Polygenic transcriptome risk scores enhance predictive accuracy in atopic dermatitis
Background Incorporation of gene expression when estimating polygenic risk scores (PRS) in atopic dermatitis (AD) may provide additional insights in disease pathogenesis and enhance predictive accuracy. In this study, we developed polygenic transcriptome risk scores (PTRSs) derived from AD-enriched tissues and evaluated their performance against traditional PRS models and a baseline risk model incorporating eosinophil and lymphocyte counts in the prediction of AD. Methods We conducted transcriptome-wide association studies (TWAS) using the PrediXcan framework to construct tissue-specific PTRSs.
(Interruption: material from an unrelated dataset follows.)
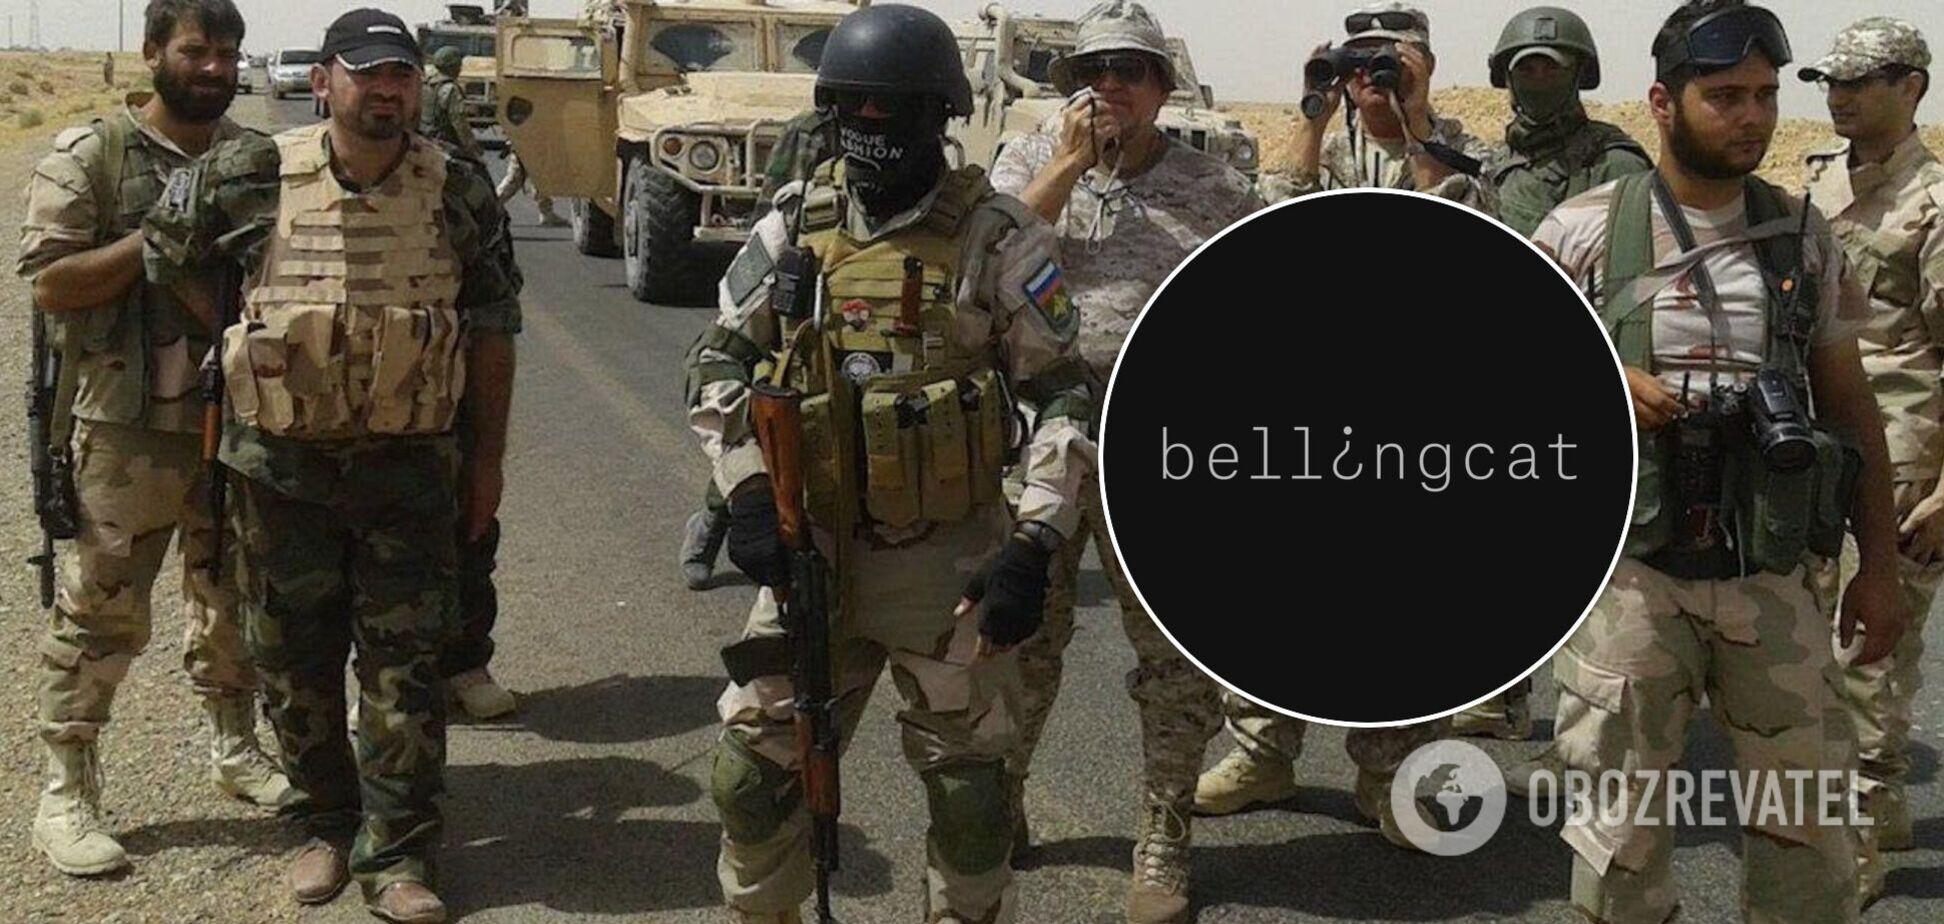 У Bellingcat назвали нову дату виходу розслідування щодо 'вагнерівців'

Risk score performance was assessed in 256,888 Europeans (10,816 cases) and validated in an independent cohort of 64,152 Europeans (2669 cases) from the UK Biobank. Results We observed a modest correlation between PRS and PTRS, exerting independent effects on AD risk. While PRS demonstrated superior predictive performance compared to single-tissue PTRSs, combining both models significantly enhanced prediction accuracy, yielding a c-statistic of 0.646 (95% confidence intervals: 0.634–0.656). Notably, tissue-specific PTRSs revealed stronger associations with baseline risk factors, where Eppstein-Bar virus (EBV)-transformed lymphocytes and unexposed skin PTRSs tissues reported positive associations with lymphocyte counts. Conclusions Our findings highlight the value of integrating transcriptome-based risk models to incorporating additional omics layer to refine risk prediction and enhance our understanding of genetic architecture of complex traits.